After a six-month visit to Europe and Palestine, four of which was spent in the Holy Land, Rabbi Israel Herbert Levinthal of the Brooklyn Jewish Center returned Friday morning aboard the Cunard liner Berengaria, imbued with enthusiasm as to the rapid strides made in the development in Palestine during the past nine years.
Rabbi Levinthal declared that “the progress noted there since his last visit nine years ago, is almost unbelievable. It is one spot on this earth where new Jewish arrivals are eagerly welcomed.”

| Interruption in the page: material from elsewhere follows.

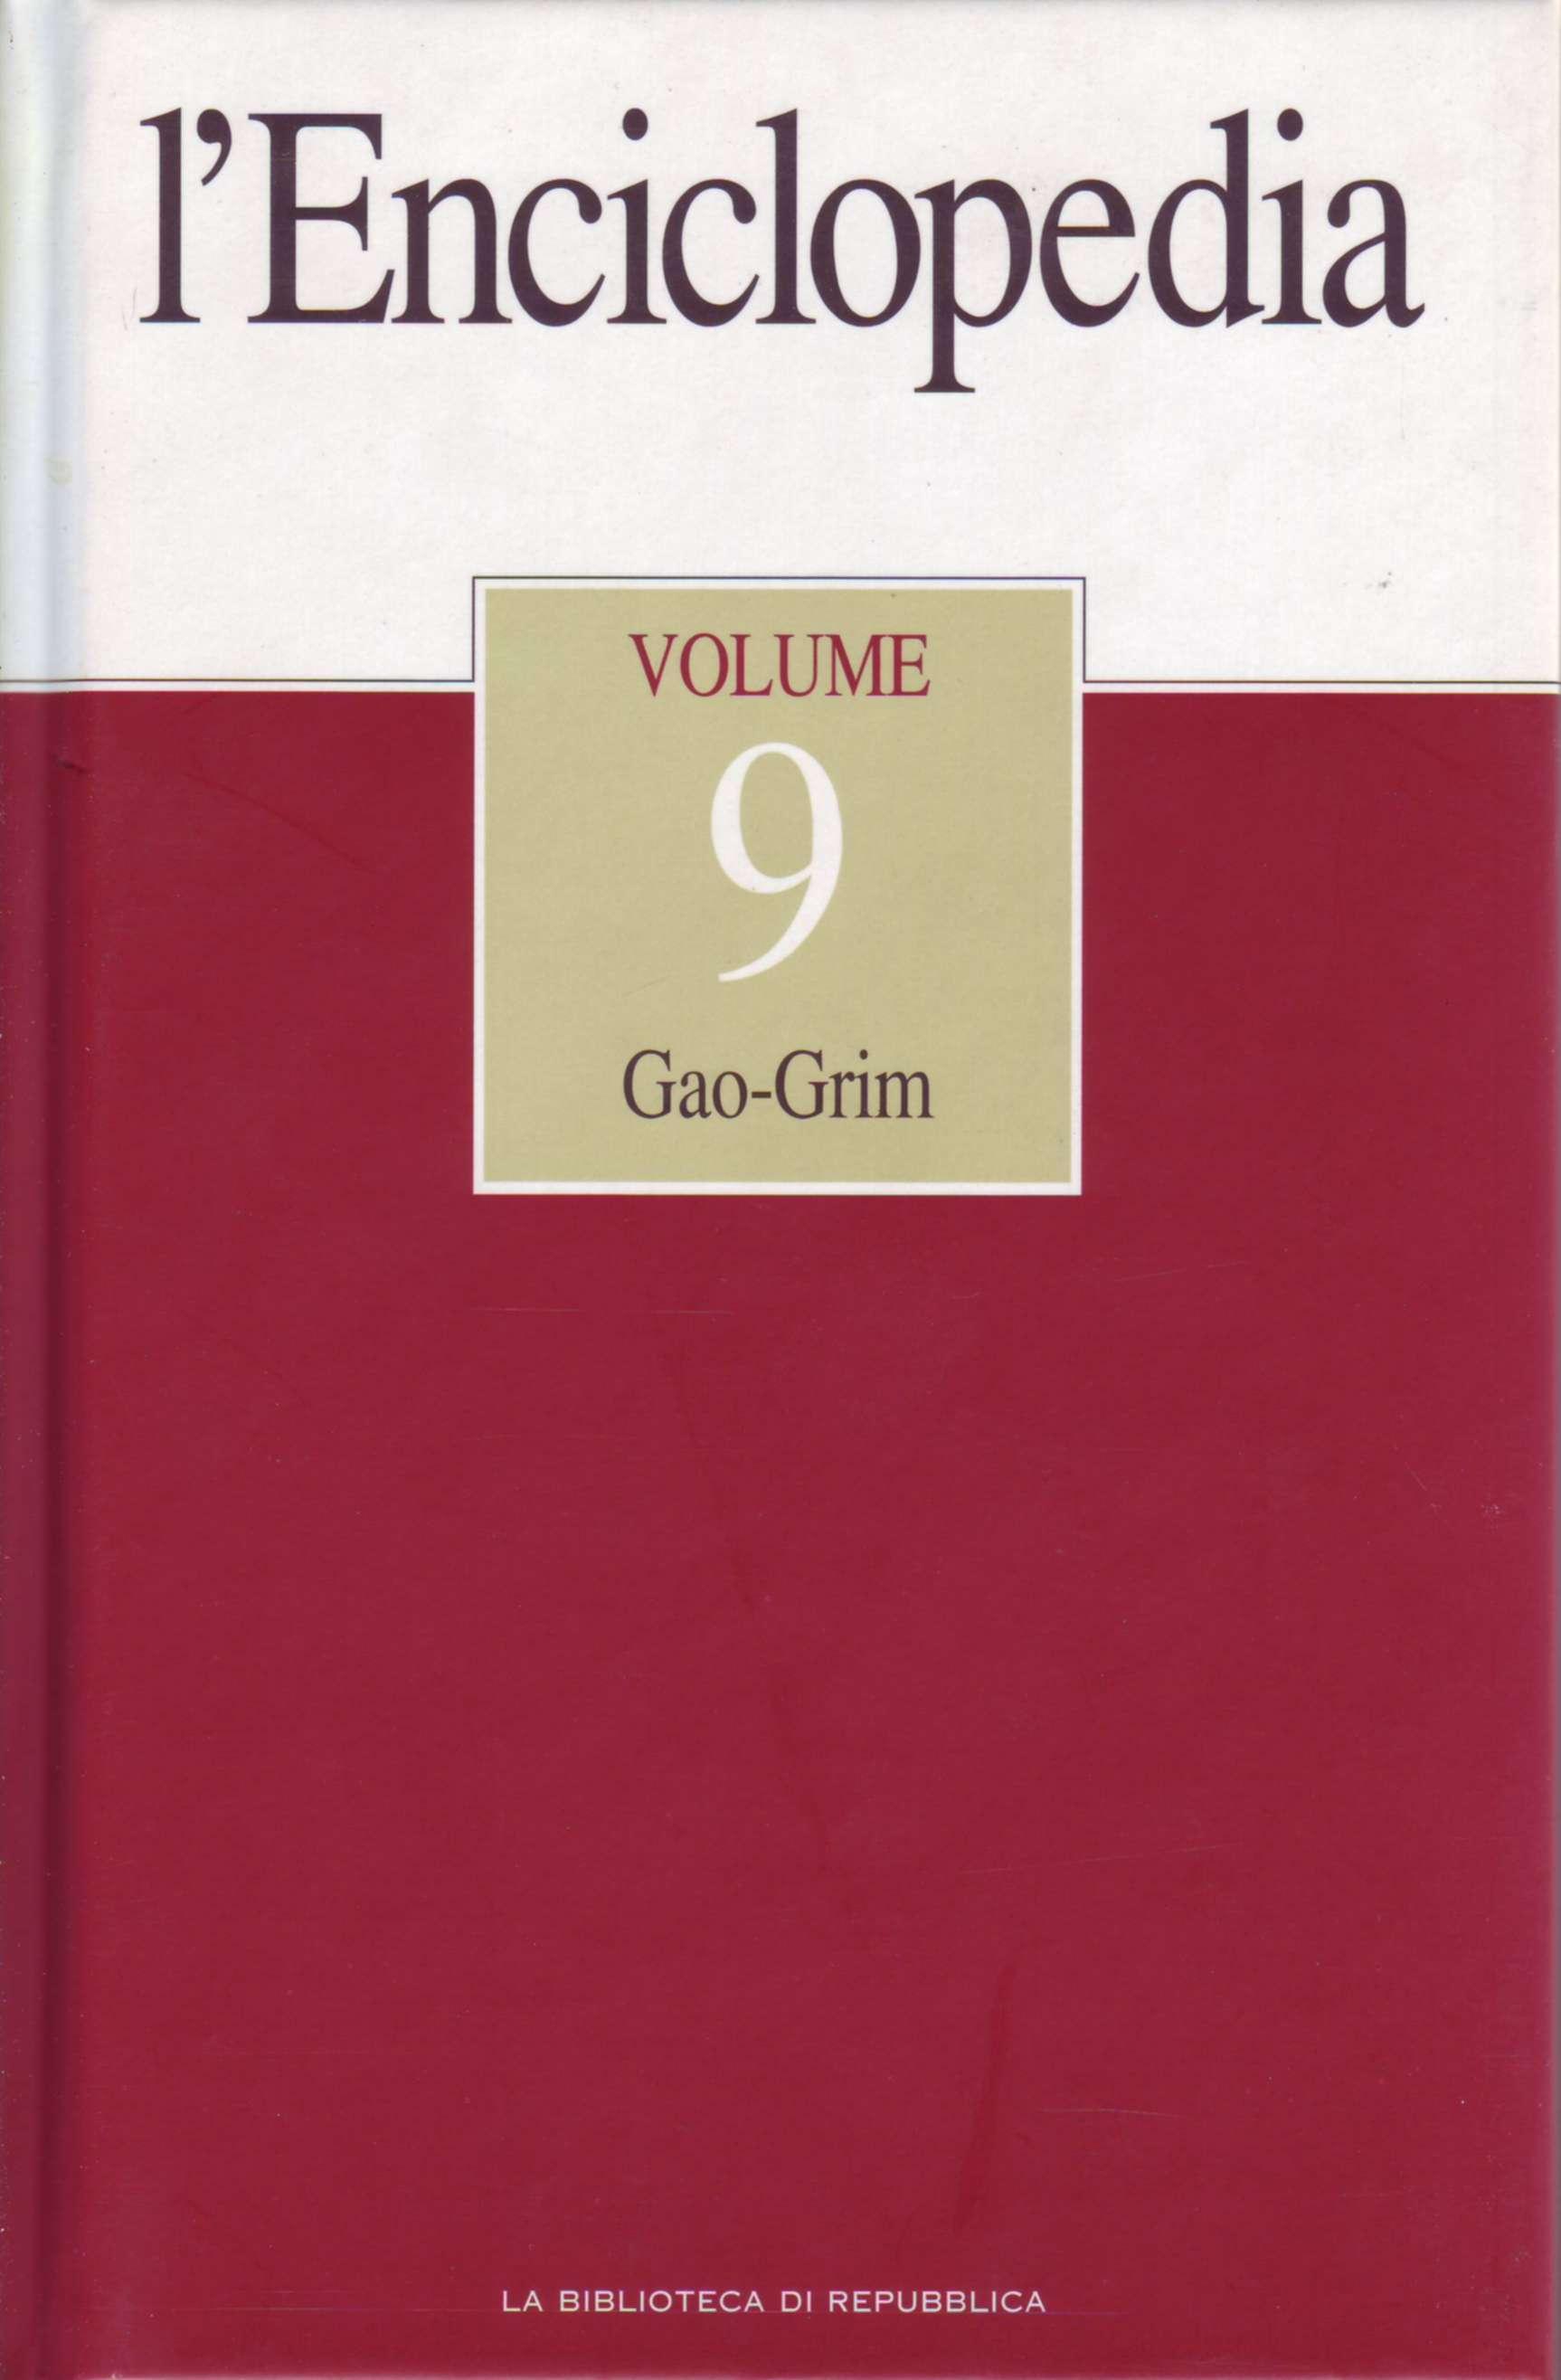 L'Enciclopedia - Vol. 9

“The question of Palestine and the Jew has passed the stage of theory and is now a burning reality for the Jews in most lands of the globe,” he declared. “The Jews in every country of Eastern and Central Europe feel the foundations tottering beneath their feet. They look to Palestine as their one ray of hope.”
The rabbi expressed the opinion, however, that there are some dark aspects on the Palestinian horizon. “Up to a few years ago,” he said, “the country attracted only the supreme idealists and today, with the breakdown of the economic structure in nearly every land, Palestine is attracting also those who are actuated by other motives than ideals.”
Two months of the rabbi’s tour took him through England, France and Austria. He was in Austria at the time of Chancellor Dollfuss’ assassination. He said that the acts of terrorism in that country did more to convince the average Austrian of the dangers of Nazism than did any other event in recent years.